We already have some grammar in Wiktionary's entries, and I don't think it's much of a problem if we include things like this. They are very useful to someone who wants to say 'I have a nosebleed' in Catalan and looks at the translation table, and then notices immediately that what he wants to say is said differently. It's very user friendly that way. —CodeCa t 15:52, 1 September 2011 (UTC)[reply]

On a tangential note, google:"I have a nosebleed" seems much less common than google:"my nose bleeds" and google:"my nose is bleeding". "my nose bleeds" seems like a fairly good candidate for a phrasebook entry, one that can be linked to from "nosebleed". --Dan Polansky 16:05, 1 September 2011 (UTC)[reply]

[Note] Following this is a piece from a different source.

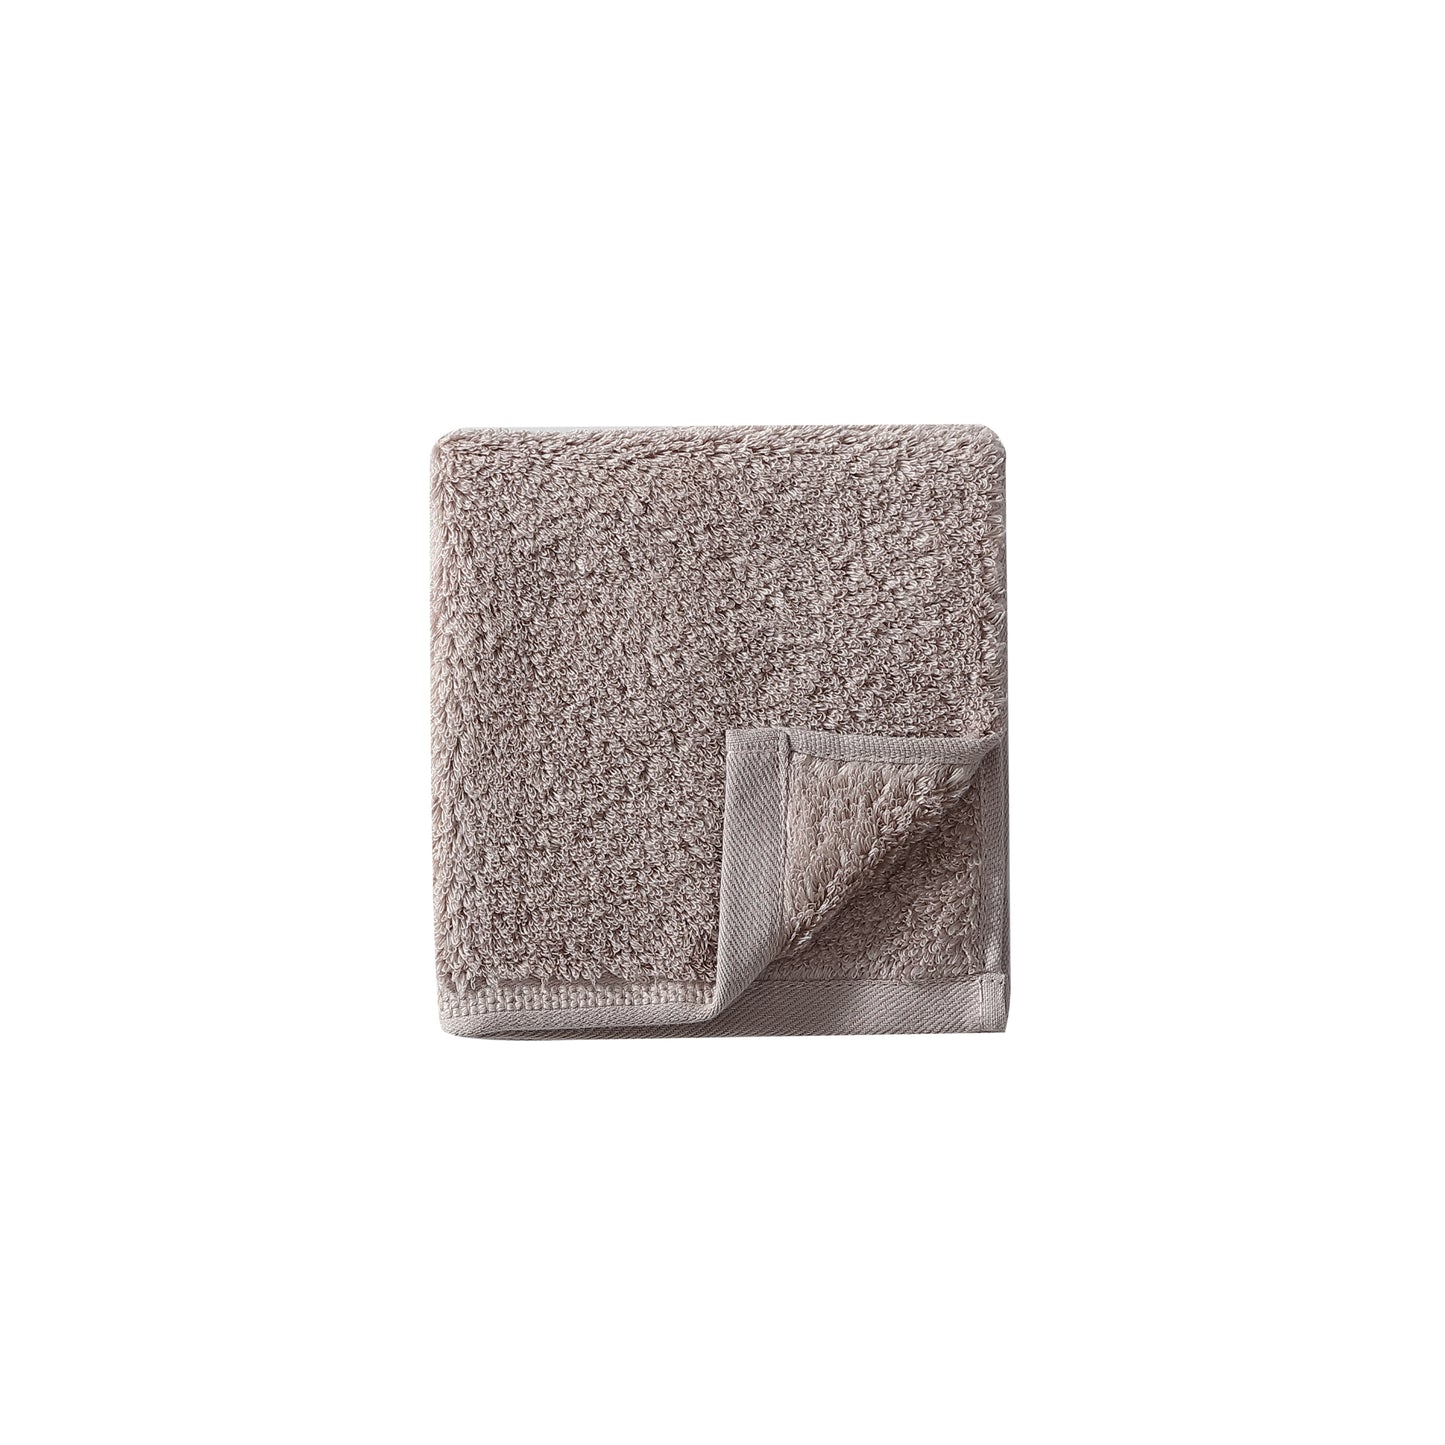 Uchino Super Absorbent Towels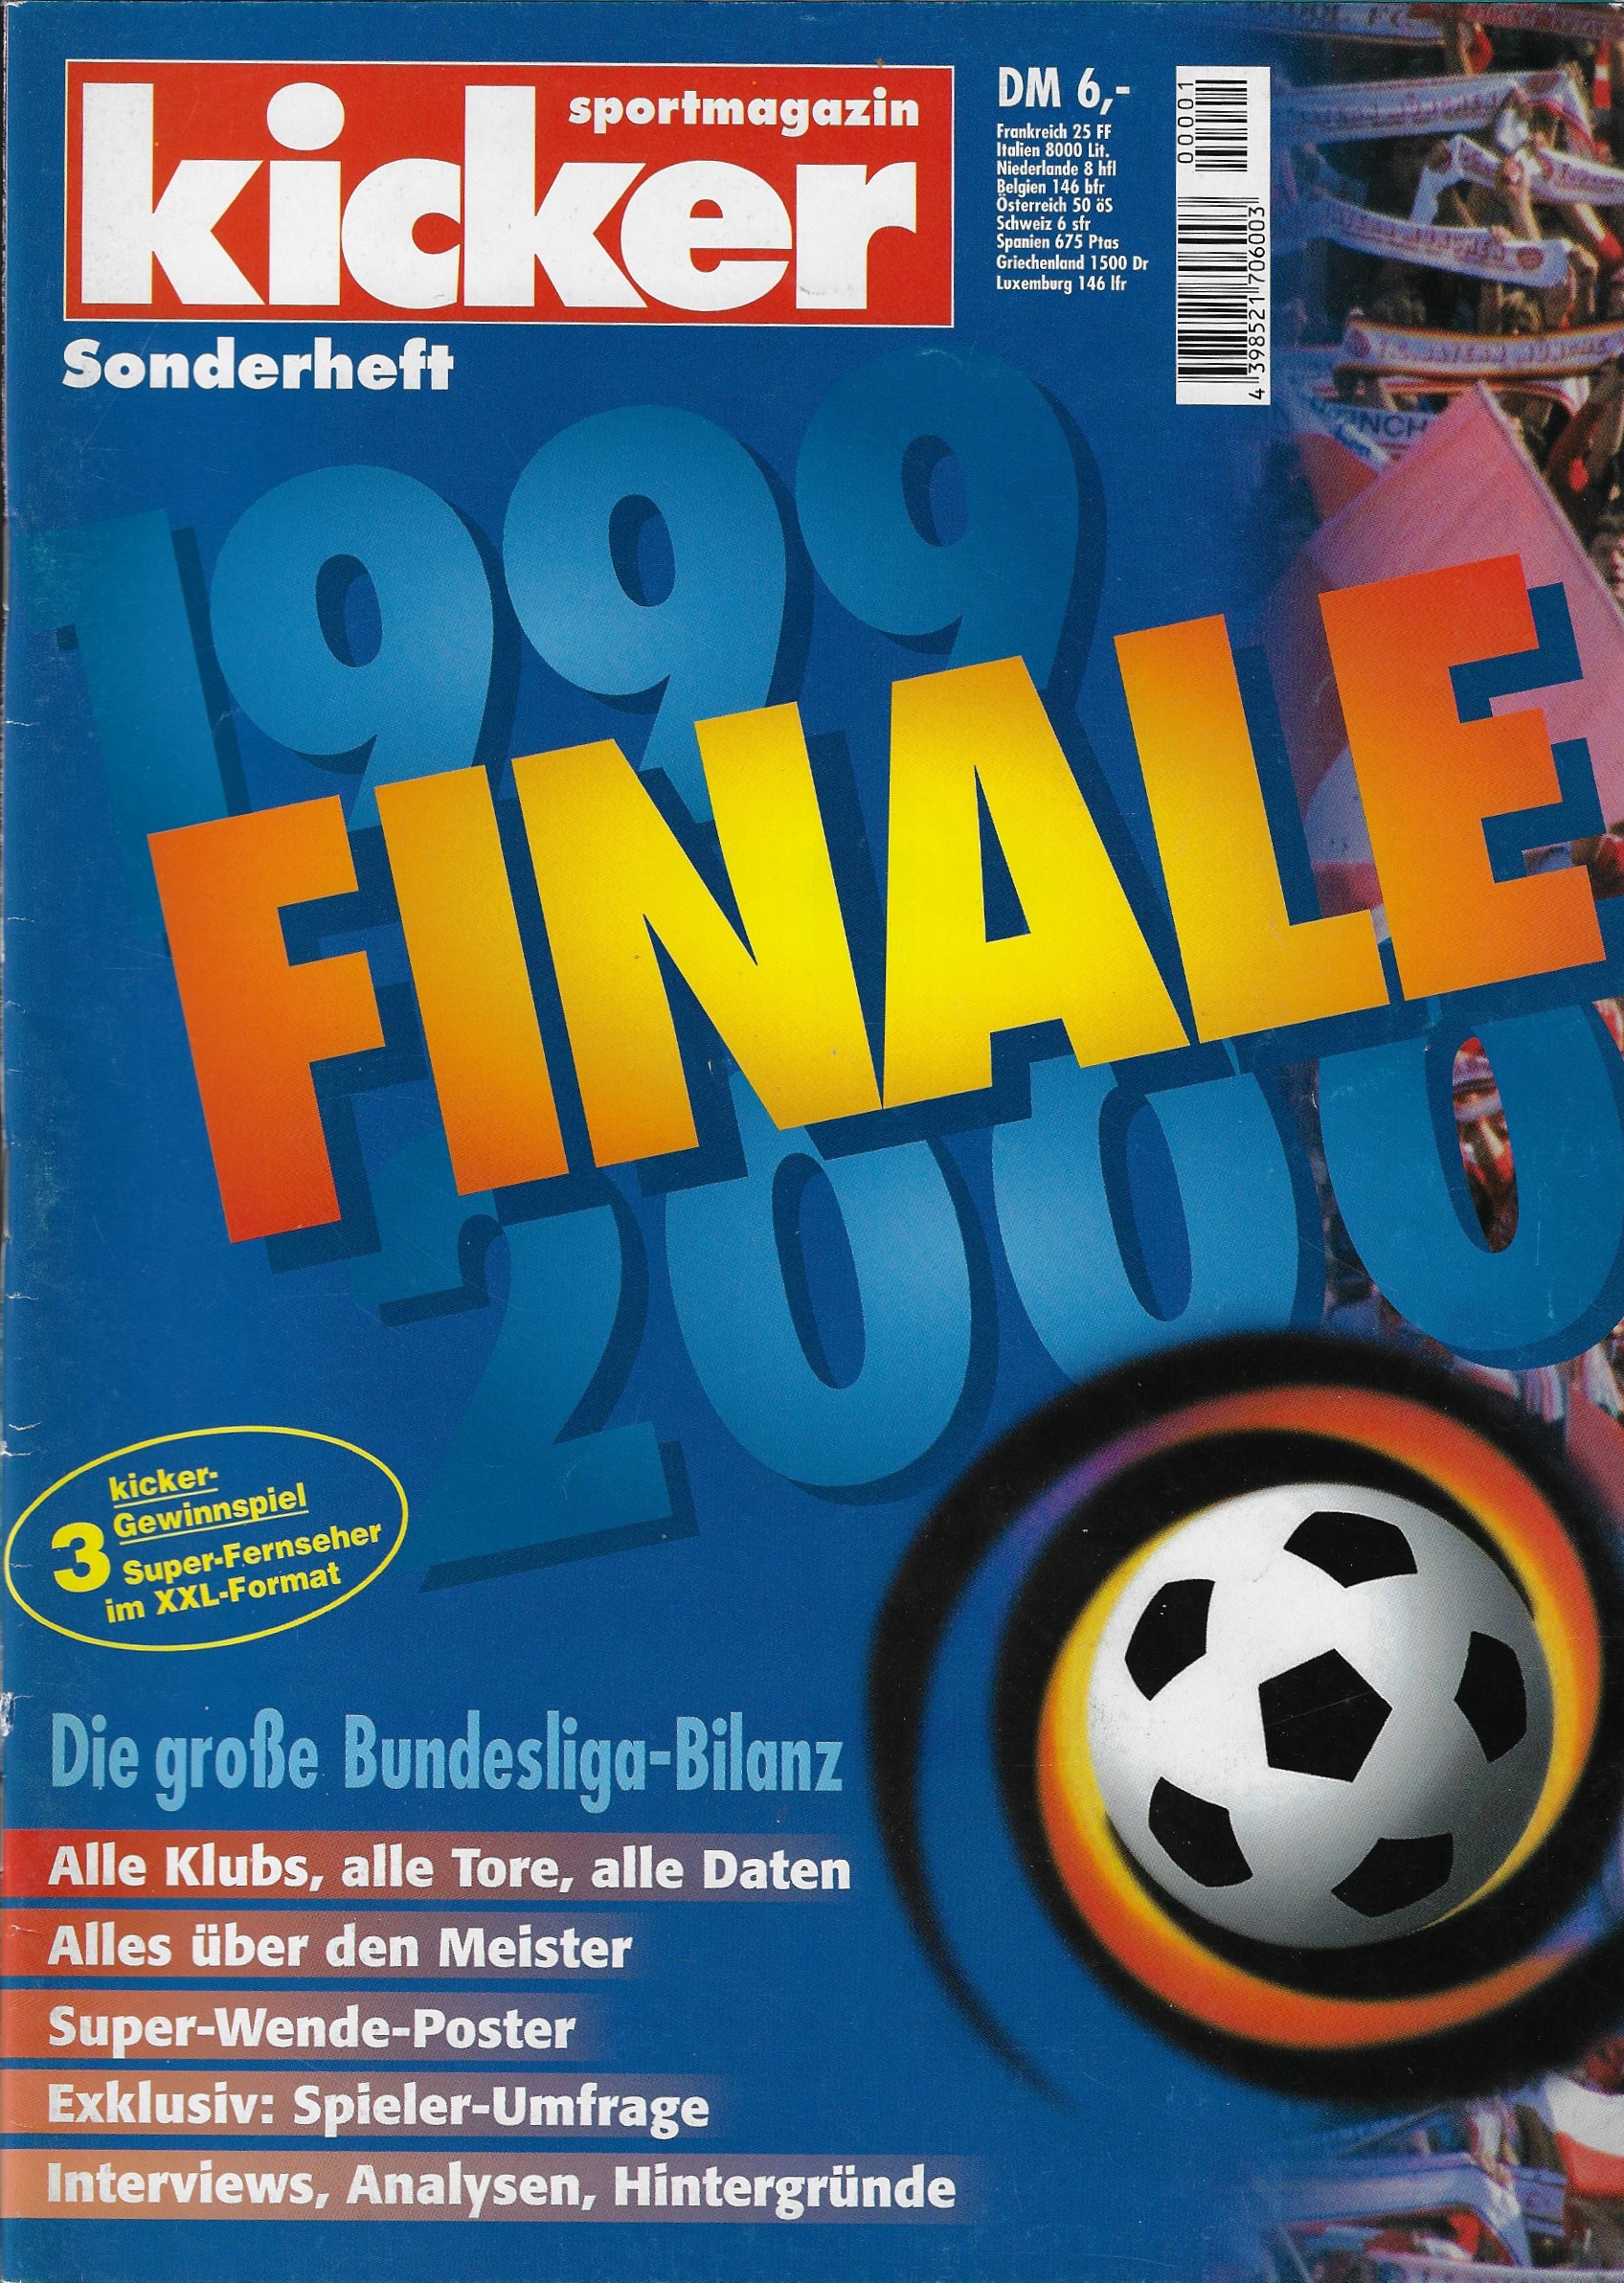  - Kicker Sportmagazin Sonderheft Finale 1999-2000 -Die groe Bundesliga -Bilanz

'My nose bleeds' seems very awkward to me. It sounds like you are saying it bleeds habitually rather than that it is bleeding right now. —CodeCa t 16:06, 1 September 2011 (UTC)[reply]

Where I live in Northern England, people would say "my nose is bleeding" or possibly "I have a nosebleed" but never "my nose bleeds". I imagine most of the ghits for "my nose bleeds" would be part of phrases such as "my nose bleeds when..." or such like. BigDom 16:10, 1 September 2011 (UTC)[reply]

google:"My head hurts" and google:"my stomach hurts" also seem very common inspite of not using the present continuous tense. Also check the two phrases in Google books to see how very common they are also there. --Dan Polansky 16:12, 1 September 2011 (UTC)[reply]

This American agrees with Codecat and BigDom: my nose bleeds sounds like it does so habitually, not now. My X hurts OTOH means now. Go figure.—msh210℠ (talk) 16:28, 1 September 2011 (UTC)[reply]

I agree. But to me it seems similar to the Americanism "Do you have" instead of "Have you got" (I was once asked "Do you have children?" I replied "Not very often." and she was very confused!) SemperBlotto 06:59, 2 September 2011 (UTC)[reply]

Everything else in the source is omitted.